#### [What is required]
For this exercise, copy exactly the lines below from the one with "Business man displaying" through the one with "Holiday shipping services Mettala to Mul" and leave out the pictures.

#### [Dataset records]
---*---

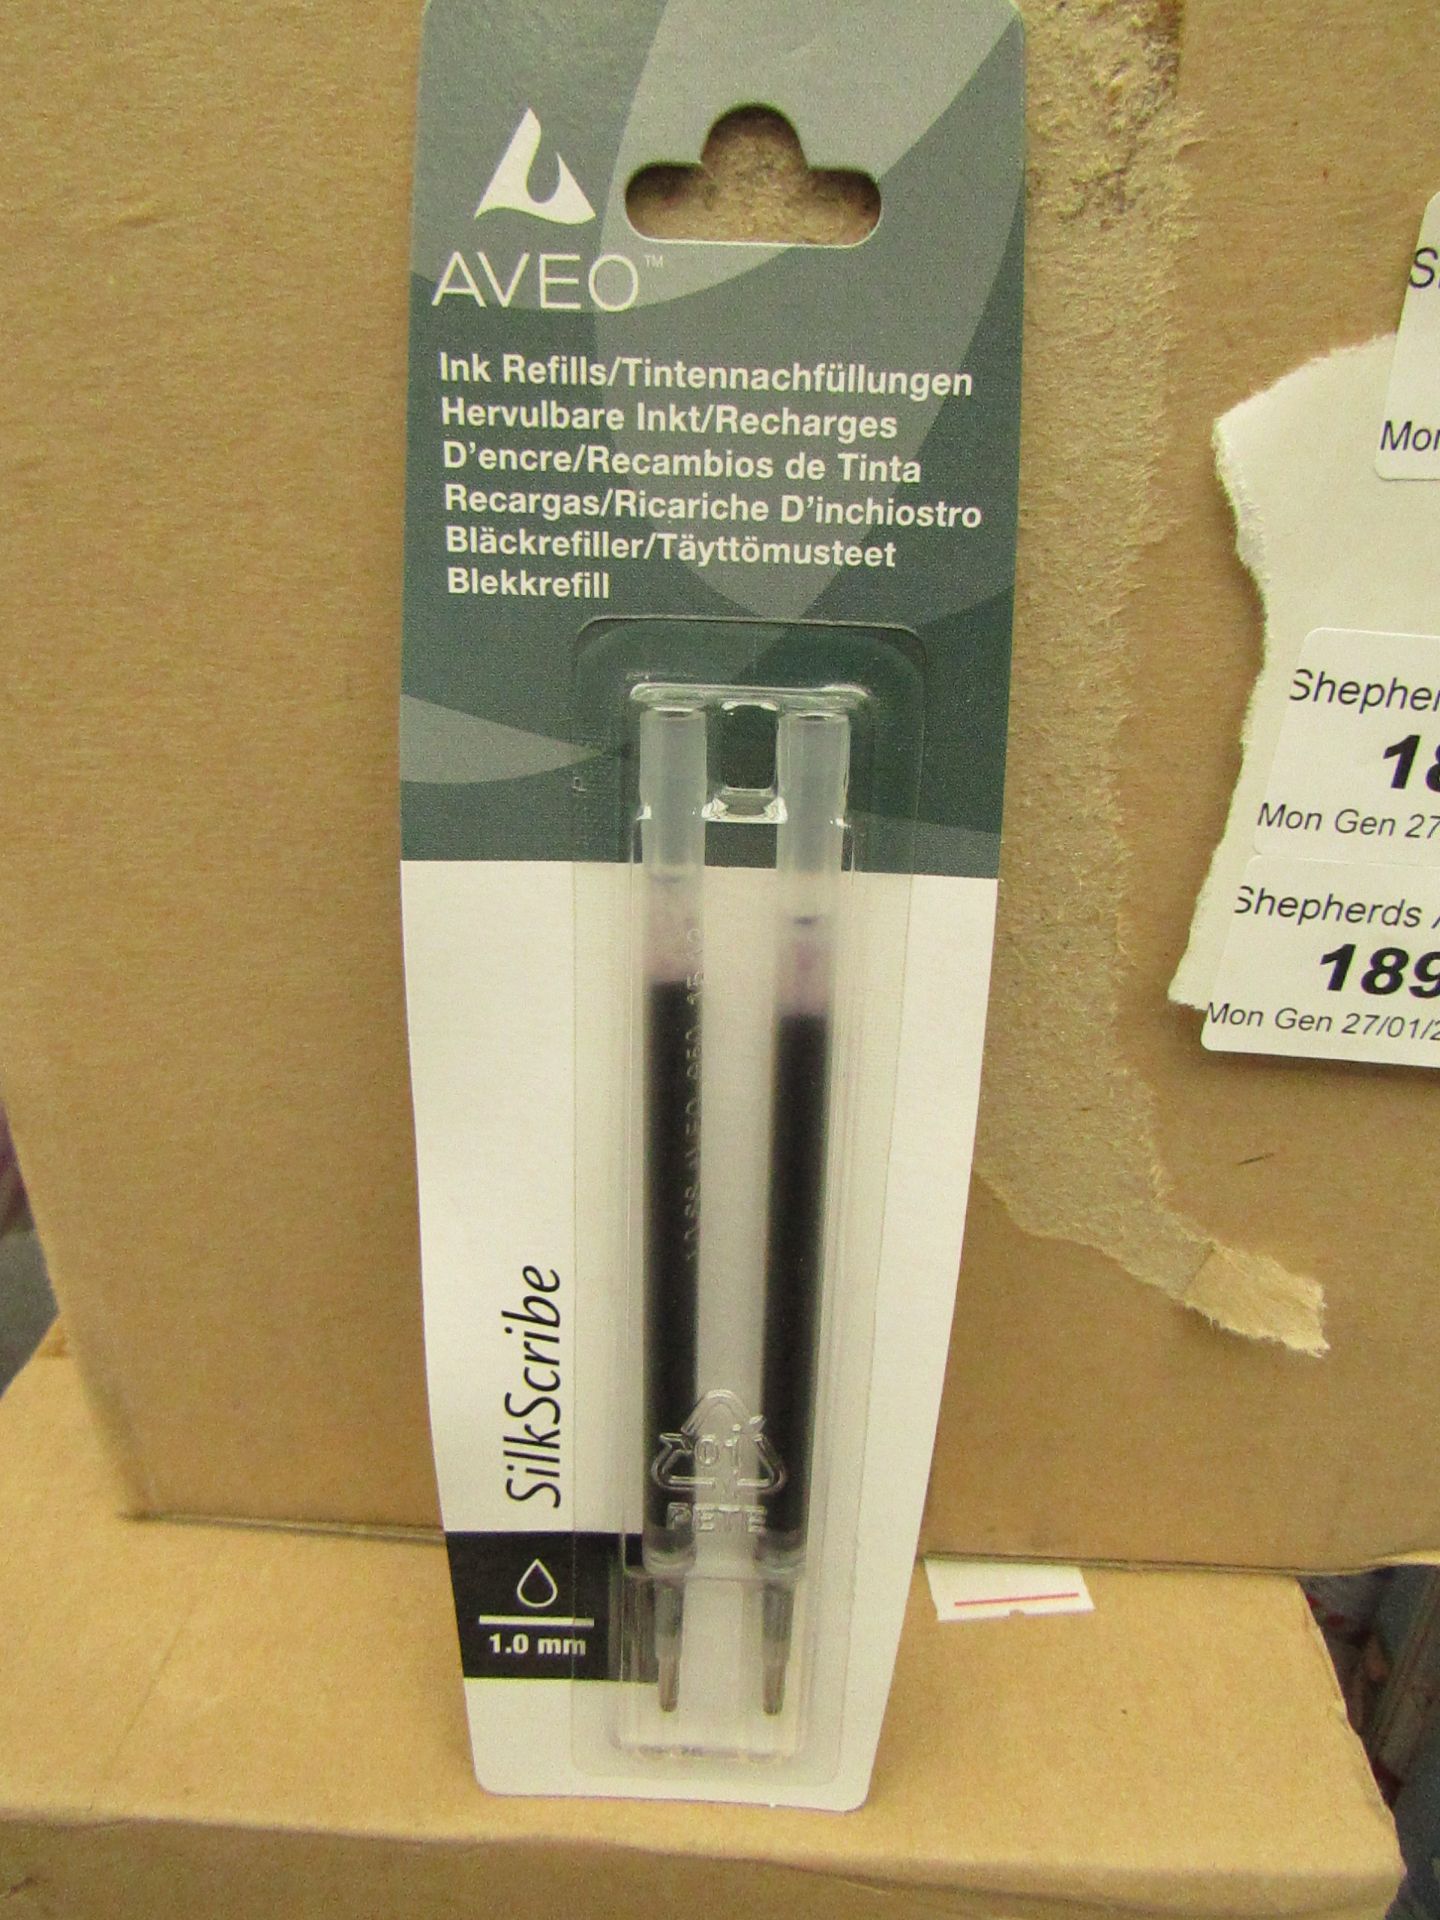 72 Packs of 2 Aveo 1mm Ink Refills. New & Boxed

---*---

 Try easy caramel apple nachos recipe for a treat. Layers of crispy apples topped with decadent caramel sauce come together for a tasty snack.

---*---

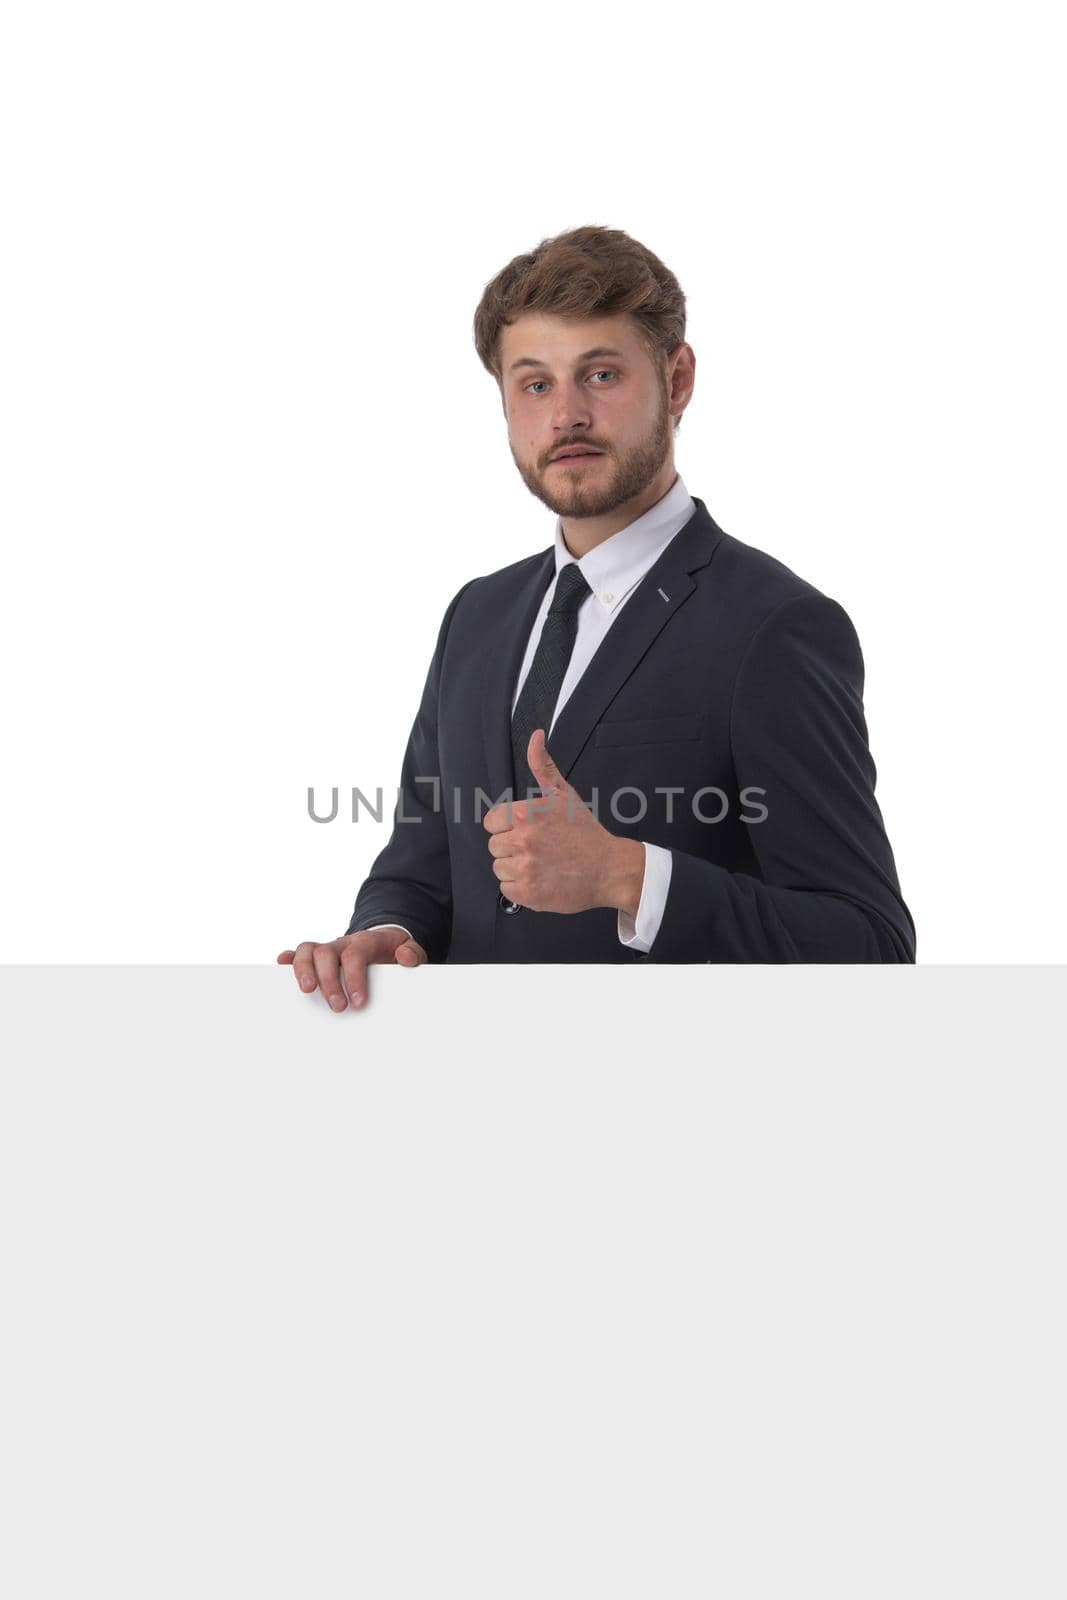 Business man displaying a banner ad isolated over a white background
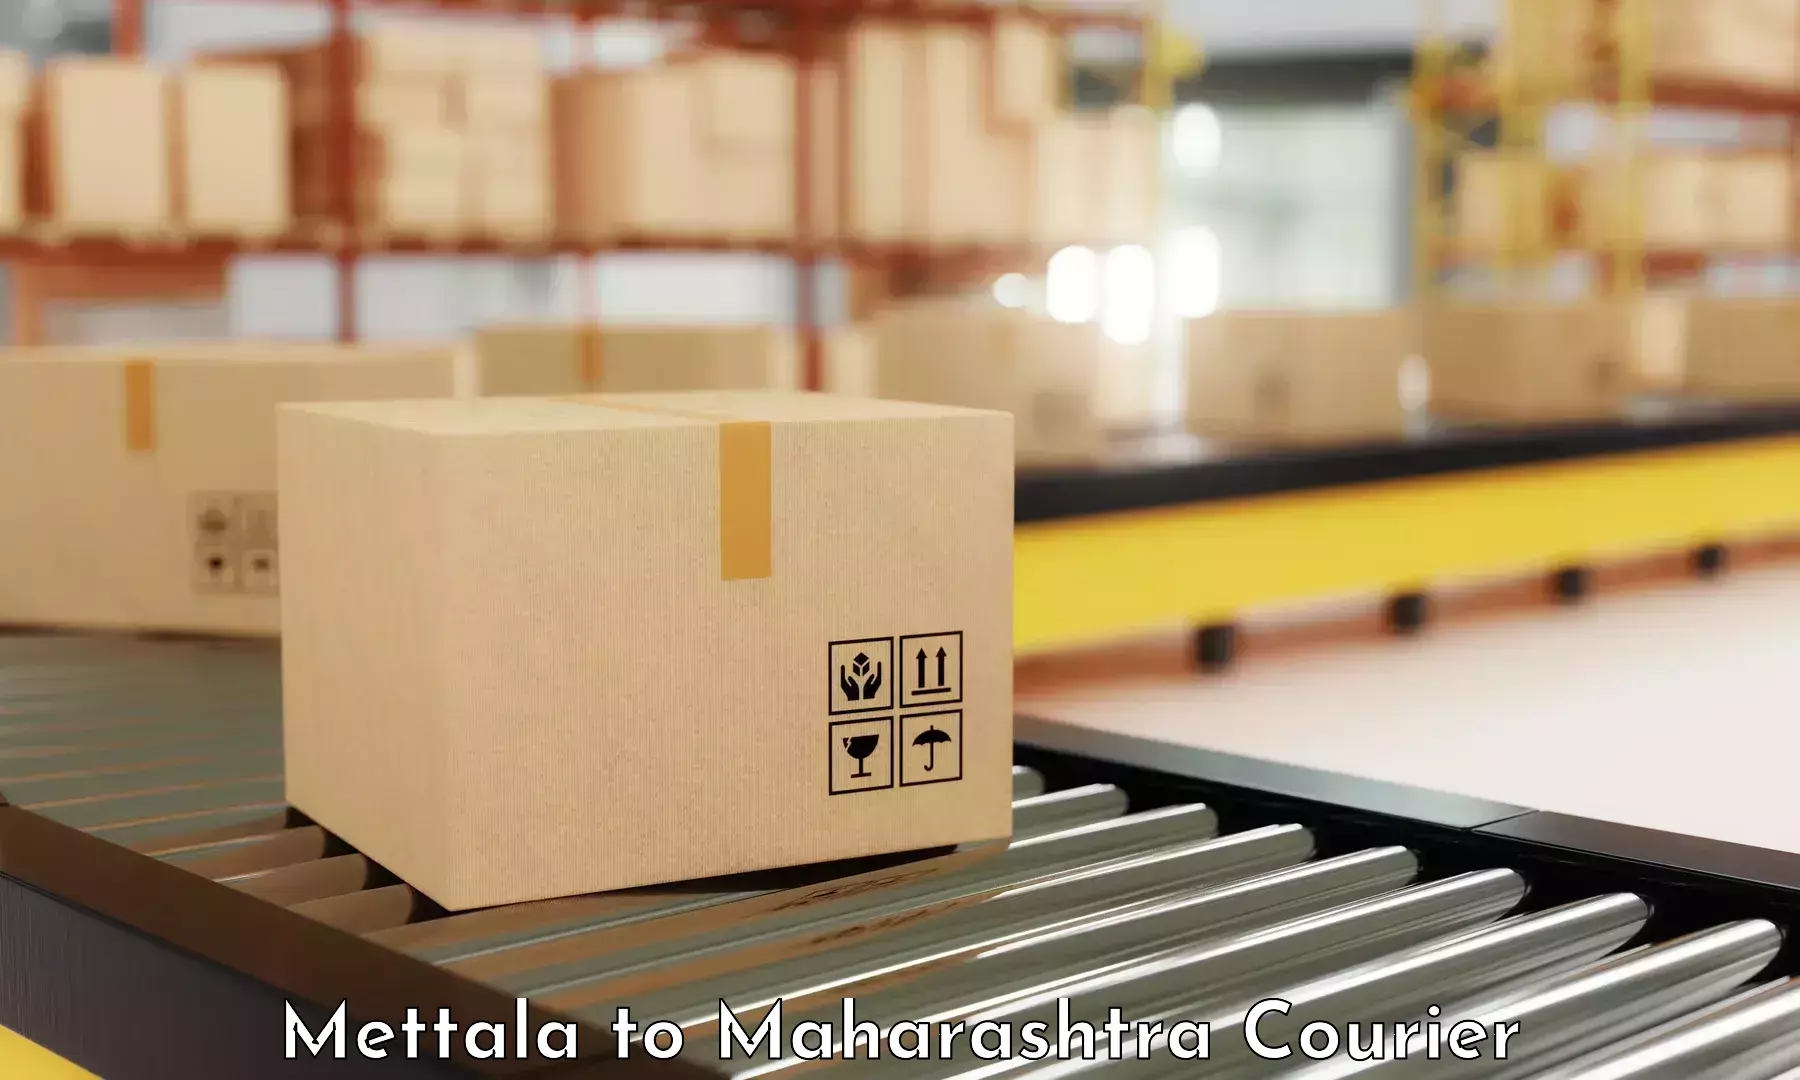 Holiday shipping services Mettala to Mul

---*---

#### [Task result]
 Business man displaying a banner ad isolated over a white background
 Holiday shipping services Mettala to Mul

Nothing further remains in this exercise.